Katie touches his arm. “Slow down Calum. Start from the beginning.”

It comes down to this: He’s terrified of losing his mother. She gets it but his mood is so dark she asks to be taken home.

It’s the first time she’s spent a night in the house in almost a month. It’s been that long since Will’s memorial. Her parents are out so she makes a package of mac and cheese and eats dinner alone. There’s a pile of mail on the kitchen table. She thumbs through. At the bottom is an unopened envelope from a boy who received something from Will. She’d know his name anywhere; she knows all their names. Was it an eye or a kidney or a liver? This detail she cannot remember. Will is spread all over the state, parts of him, that is. It’s not the first letter to arrive. Her parents won’t even open the notes, and tonight she decides to ignore this one as well. She takes it into her room and places it in the small metal box where she keeps the others.

She’s in her bedroom googling the Sisterhood of Samatha when she realizes she’s waiting for Will. Waiting for the front door to slam, for his sing-song hello. She falls back on her bed with a groan. Part of her still expects him to show up like he’s simply been off on some little trip. Then the reality of his death hits and it hurts all over again.

The last thing they did together was to go shopping. Shopping for Will. He was in the process of coming out. This is the saddest part about her brother’s death. That he didn’t get to live life long enough to fully inhabit who he was.

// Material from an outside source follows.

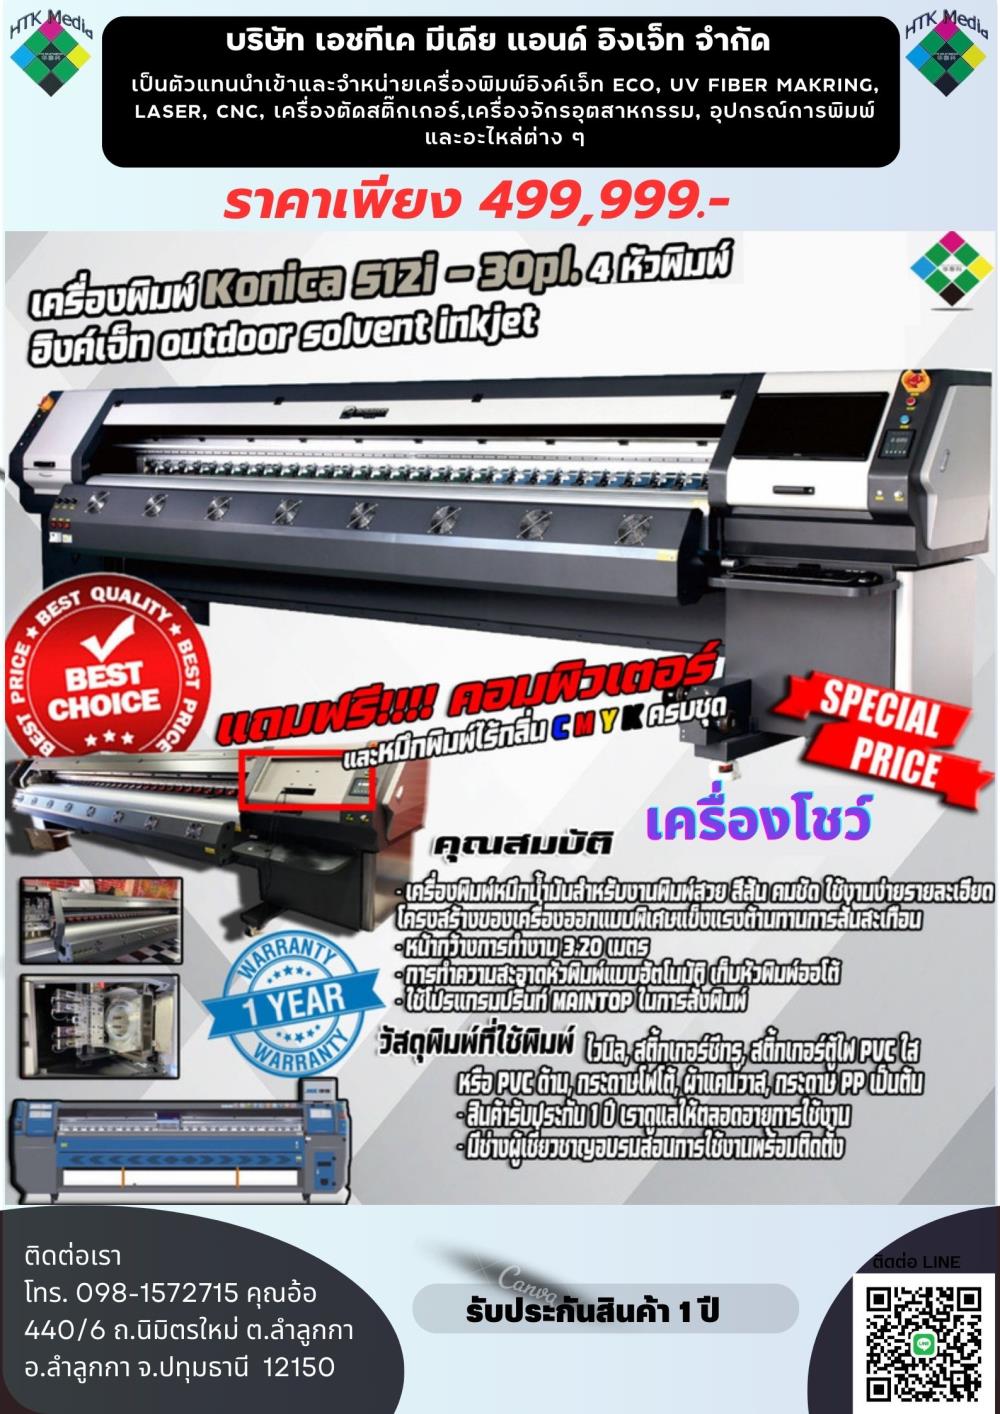 เครื่องพิมพ์ Konica 512i -30pl. 4 หัวพิมพ์,เครื่องพิมพ์อิงเจ็ท,เครื่องพิมพ์ Konica 512i -30pl. 4 หัวพิมพ์,Custom Manufacturing and Fabricating/Custom Manufacturing
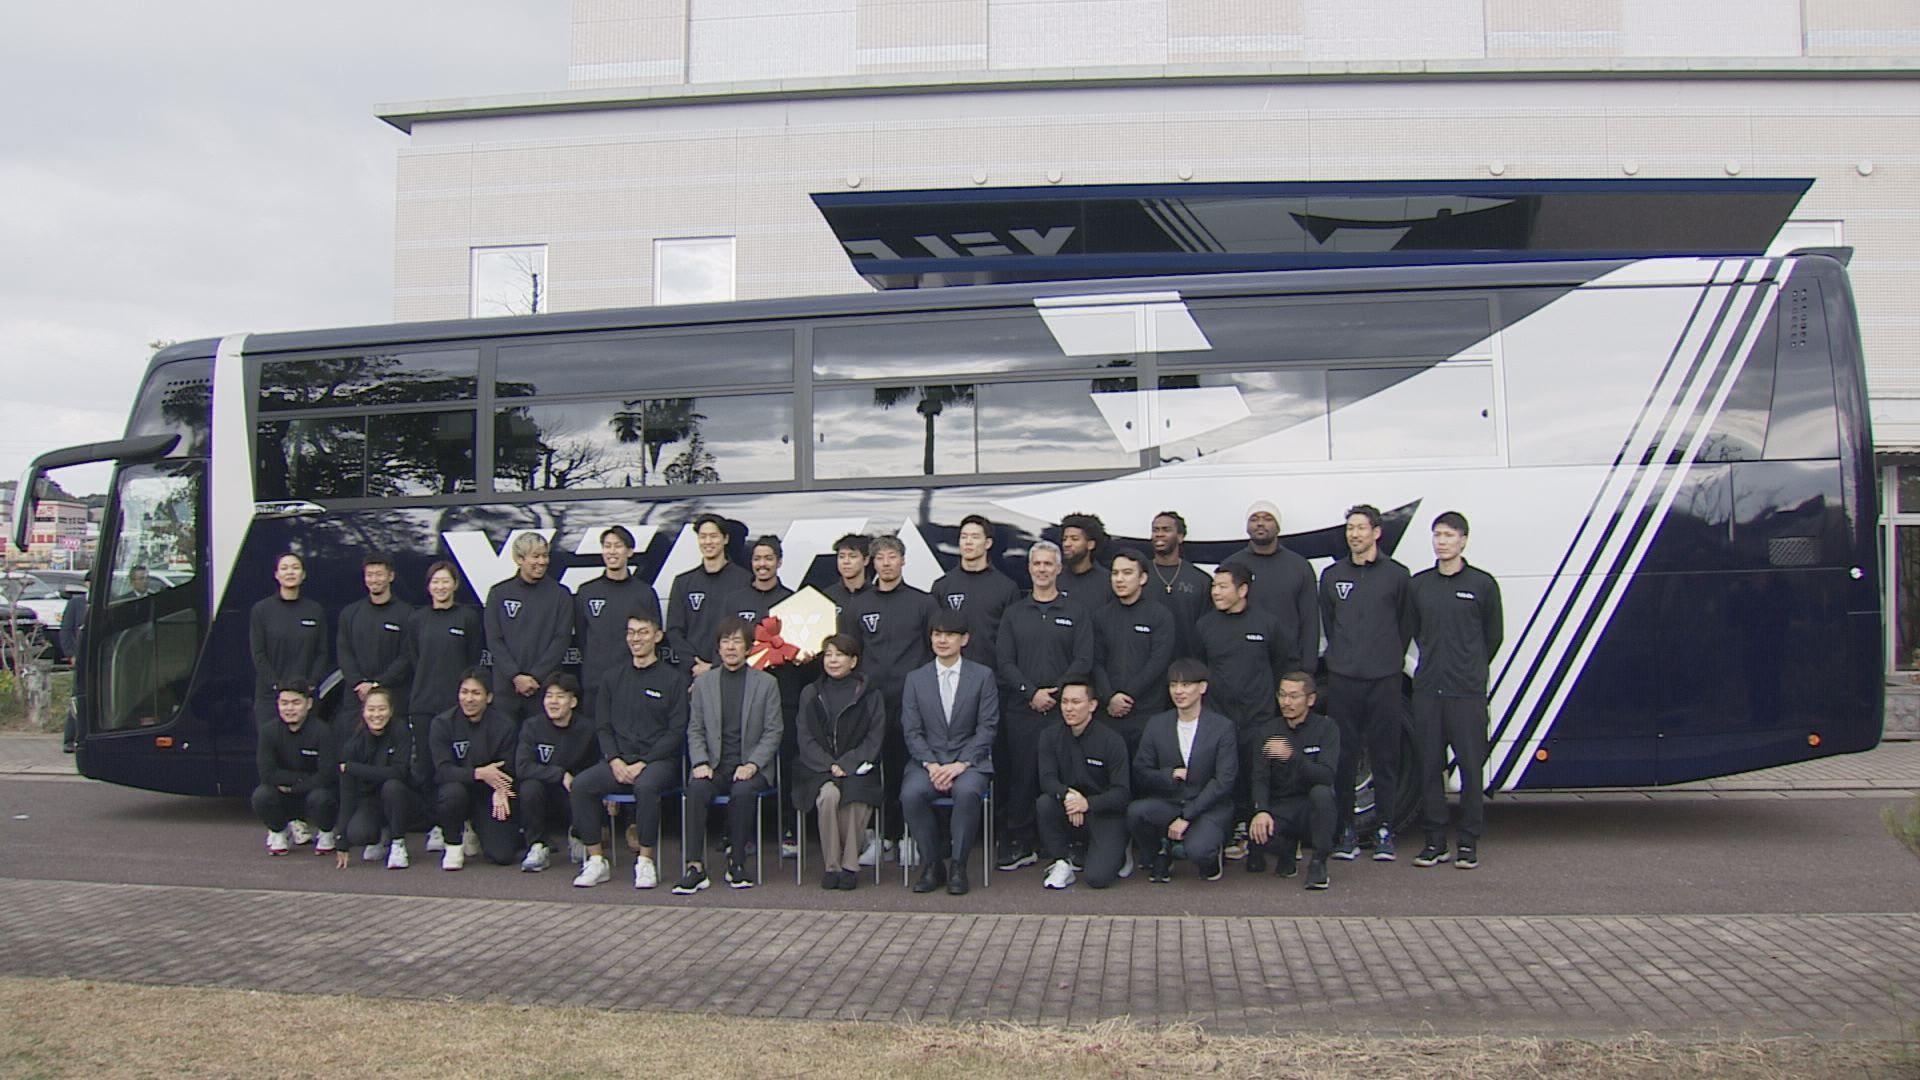 【長崎】ジャパネットたかた創業者・髙田明さんが長崎ヴェルカにチーム専用の初めてのバスを寄贈

Katie is still thinking about Will when her parents arrive home. They’re arguing. She tries not to listen but the house is small. There’s a rhythm to their fighting. Her father pitches out four or five sentences, broad and long. Her mother replies in taut one-word snaps of no and never.

 

That evening she skips meeting Calum at Steamer’s Beach and arrives back at his house at the same time as Sandar, who is just coming off a fourteen-hour shift. The woman is so exhausted she can hardly make it up the steep porch stairs. For a change, it is Katie who heads into the kitchen for tea.

Sandar accepts a mug and takes it out back. “All night and day, it’s coffee and donuts just to keep going.” She closes her eyes. “There’s a limit to how much one body can take.”

Katie sits on the edge of the deck and listens to the high-pitched peals of roller coaster riders a few blocks away at the boardwalk. She feels sorry for Sandar being stuck in a job that makes her so unhappy. She says, “Calum mentioned that you might stop working at the hospital soon.”

Sandar balances her tea mug on the arm of her chair. She fingers a thin red string tied around her wrist. “I’d like to. I’ve been offered a spot as resident nurse in a cloistered community of women living up in the mountains.”

“Calum told me.”

“He’s opening up then. That’s good.”

“You have to take the position,” Katie urges. She’s not sure why. She doesn’t mean to give her opinion. It’s not like Sandar has asked.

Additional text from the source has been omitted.